Yet rumors have flown that Li is retiring. Not true; he has only stated that Fearless will be his last martial arts epic in which his own fighting style, wu-shu, is the subject.

"I think it's time to finish my dream," he says, speaking English during a recent San Francisco interview. "I'm learning martial arts for 30 years. I'm asking myself why I'm learning martial arts. A lot of reporters ask me, is Chinese martial arts better than Japanese? Is American better than Chinese? If they compete, who would win? They always have a lot of these kinds of questions. I give the answer in this movie. It really depends on the person. It's not about sports."

Li says he will continue making action films, but only films in which martial arts may be used to tell some other story. "Martial arts are just like the car chase in the cop movie. You need the car chase; you need to fire the gun. That's just the material to talk about the real story. You can use martial arts to tell a love story, or a sci-fi story."

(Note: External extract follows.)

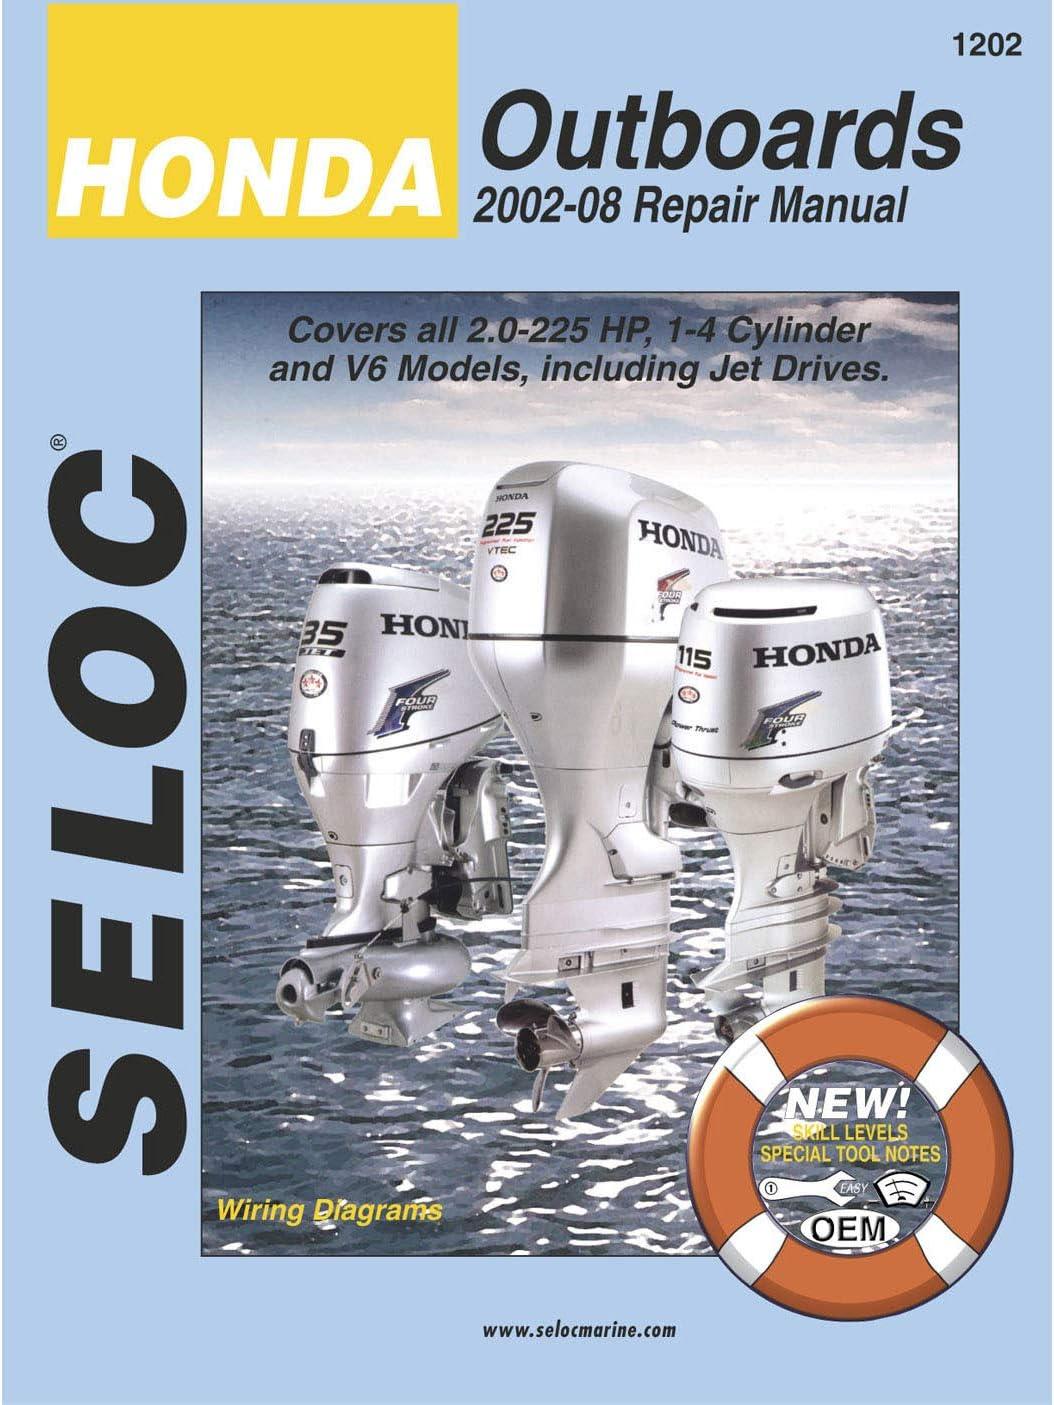 Sierra International Seloc Manual 18-01202 Honda Outboards Repair 2002-2014 2-225 HP 1-4 Cylinder & V6 Model Including Jet Drives

Meanwhile, Fearless should please any breathless Li fans looking for some incredible moves. He plays Huo Yuan-jia, a real-life, turn-of-the-century figure who overcame his own arrogance to become the nation's hero, fighting representatives from four different countries to defend China's honor.

Li first came across Huo's story at the movies, in the Bruce Lee film Fist of Fury (1972), released here as The Chinese Connection. In that film, Lee played Huo Yuan-jia's student who must avenge the death of his master. Years later, Li played the same character in the excellent Fist of Legend (1994).

Now at 43, Li is about the same age as Huo when he died. Li says he has been rolling the story over in his mind for ten years, but the real impetus for making the film came when he heard a 2003 news report: that more than a quarter million people in China committed suicide in one year.

"I am Buddhist; I feel great suffering," he says. "Today's economy is very good in China, much better than 20 years ago. So why do people commit suicide? Some young people don't understand life yet. They just give up." He hopes that Fearless will inspire more people to turn within as Huo Yuan-jia did, and discover that their greatest enemy is really themselves.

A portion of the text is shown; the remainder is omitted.